Having read Chas Freeman for a long time with great interest and pleasure, I found myself liking portions of this as usual. But I was thrown off by it, too, as it seems internally contradictory.
First, there’s the factual stumble that “for most of our two and half centuries” American kept a “healthy distance” from the Middle East. But US oil companies have been mucking around in the Saudi peninsula since the 1920s. The US established its iron-clad alliance with Saudi Arabia in the 1930s, and took over as hegemon after WWII: strong-arming the UN to recognize Israel in 1949, restoring the exiled Shah of Iran in 1953, etc. So that’s one and half centuries before we got so involved, mas o menos, not to be too nit-picky.
Another perplexity is the argument that a lot of earlier US involvement was born of Cold War politics now obsolete. Yet the Cold War has’t vanished all that much. “Containing” Russia — the “New Great Game” — remains the inner culture and idee fixe of Washington. More specifically, the point that free passage through the canal and overflight rights remain key strategic US concerns confuses the argument that the same old geopolitics have left the stage and so no longer compel some kind of US engagement in the region’s politics,
A third puzzle is that, because the US is no longer (temporarily?) dependent on ME oil, US interests in the region have waned. This is only partly true. US oil companies certainly are just as keenly involved in the region, and there we’re talking about billions of profits annually (e.g., the five “majors” saw revenues of $62.2 billion in 2012, to pluck one online statistic). US foreign policy, like all countries’ foreign policies, is wedded to defending private profits, based on trade and investments, and the old alliance of corporations and state remain unflagging. And the US has two other interests in controlling the price of oil: (1) to stabilize the economic system for the rest of the world with which it does business and (2) to have a hand (via its regional alliances) in manipulating the price for its own purposes, such as pressuring Saddam Hussein in Iraq.
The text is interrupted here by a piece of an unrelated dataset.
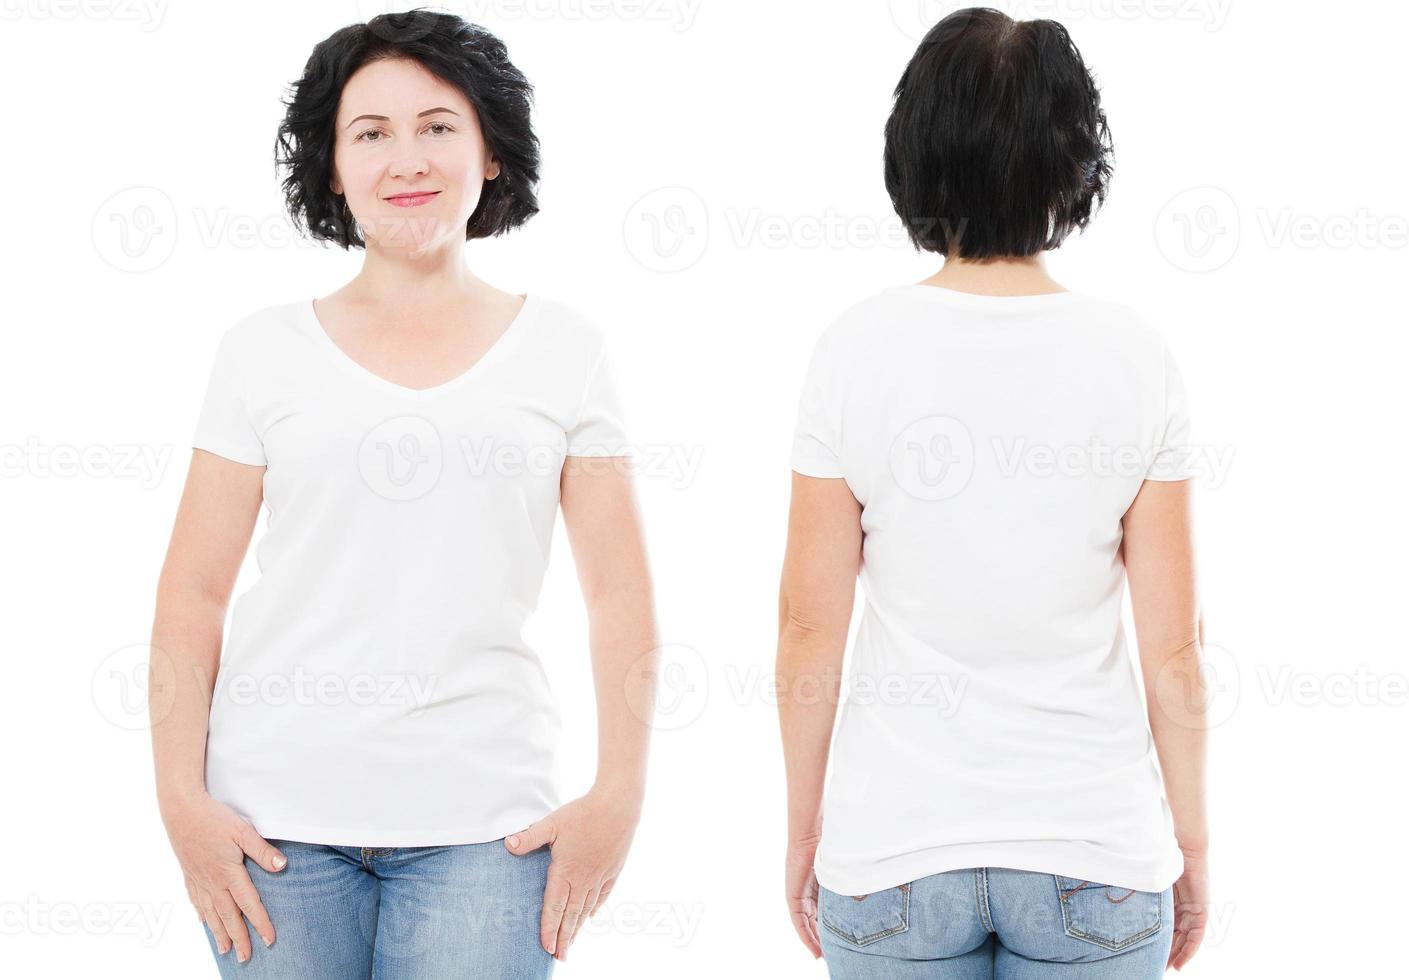 Blank t-shirt set front, back, rear with female isolated on white background - woman photo
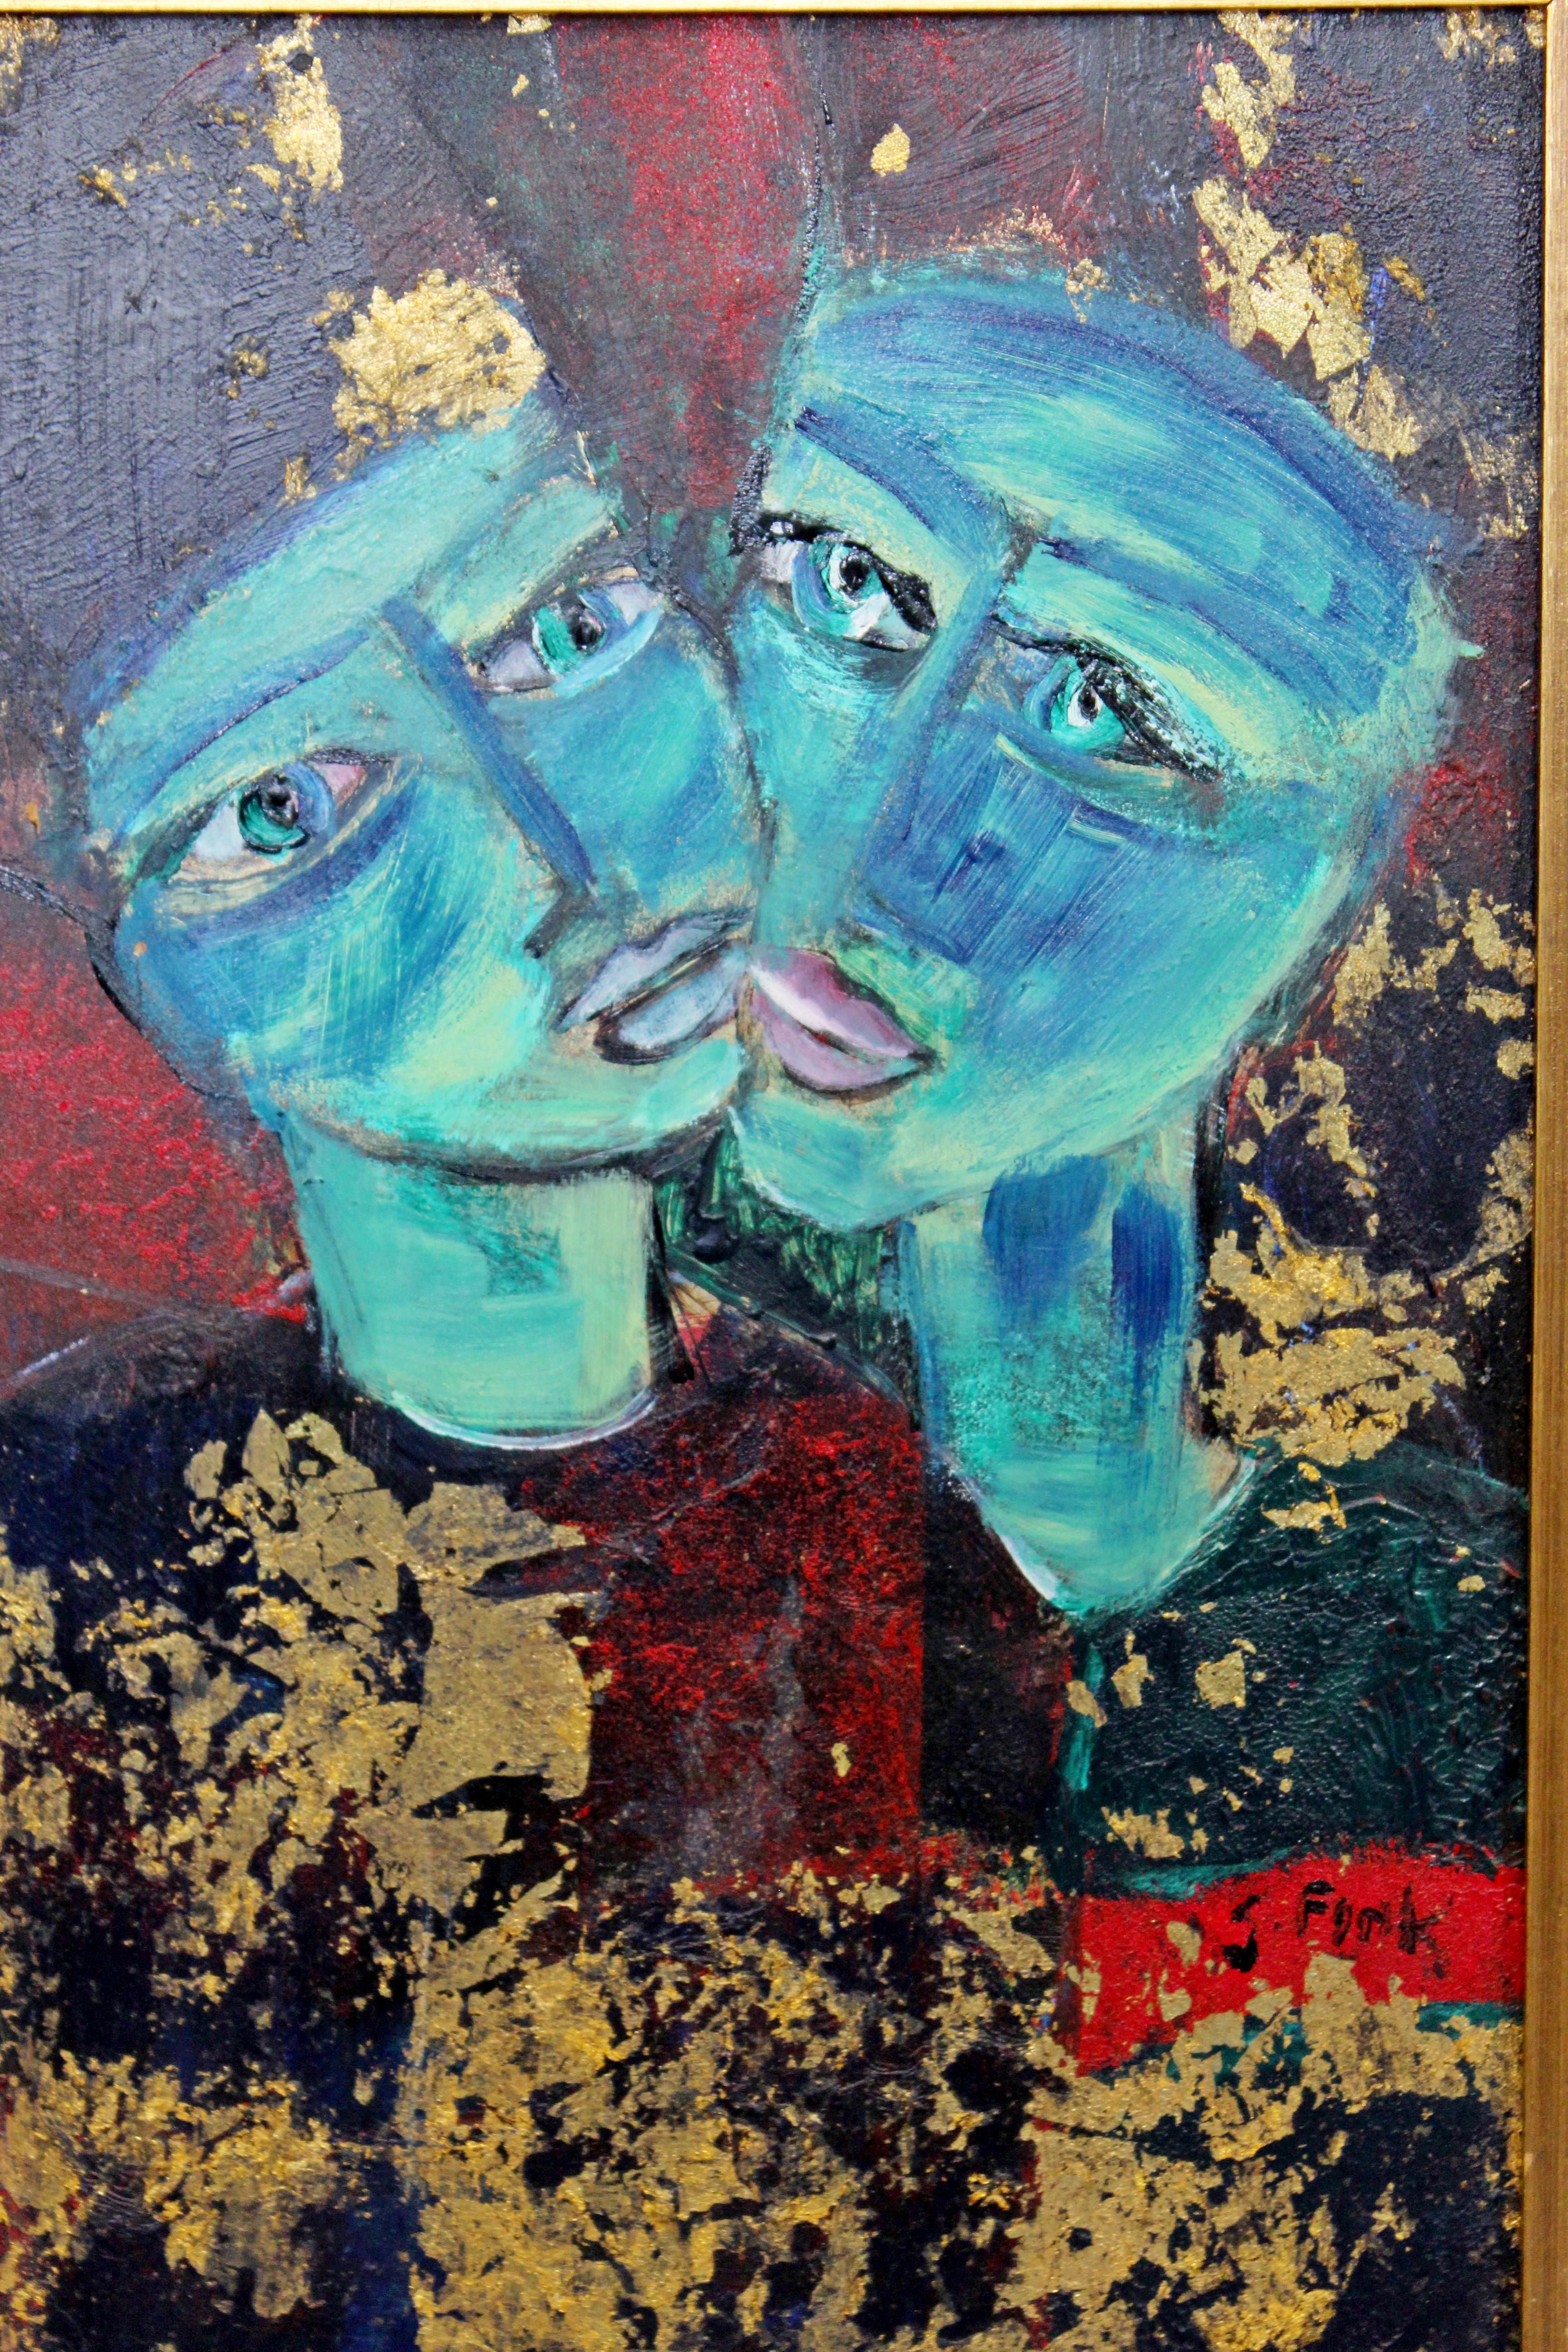 For your consideration is an incredible oil painting, with gold leaf to make it shimmer, of two blue figures, signed by renowned Brazilian artist Gregory Fink. In excellent vintage condition. The dimensions are 14

Oil is still power.
A fourth is the point that we shouldn’t care about which religion dominates the region, as this is immaterial to our interests. Even at first brush this sounds odd, as though the whole region is innately a cesspool of competing religious sects from whose interminable internecine battles we should simply step out. Actually, the entire region’s governments (except Saudi Arabia and Iran) were adamantly secular and anti-Islamic until the Arab Spring, such that US interventions at this delicate stage actually helped the rise of Islamism that is unprecedented in the decolonized ME. Freeman does suggest that US wars themselves have caused mayhem, but the point that religious extremist may be blowback from US policies (including policies toward Israel) isn’t connected. This culpability doesn’t undermine Freeman’s point that the US should get out of the ME before it wreaks more damage, or that US intervention has been far more destructive than beneficial. But this recommendation in the post is inexplicitly contradicted by the other point that military alliances with “key Muslim societies” and the great powers are essential to “extinguish Islamic extremism” in the ME. So how is this not concerned with what religious doctrines dominate? The thrust of the point was that militarism won’t do the trick, but a dense array of regional alliances is still suggested.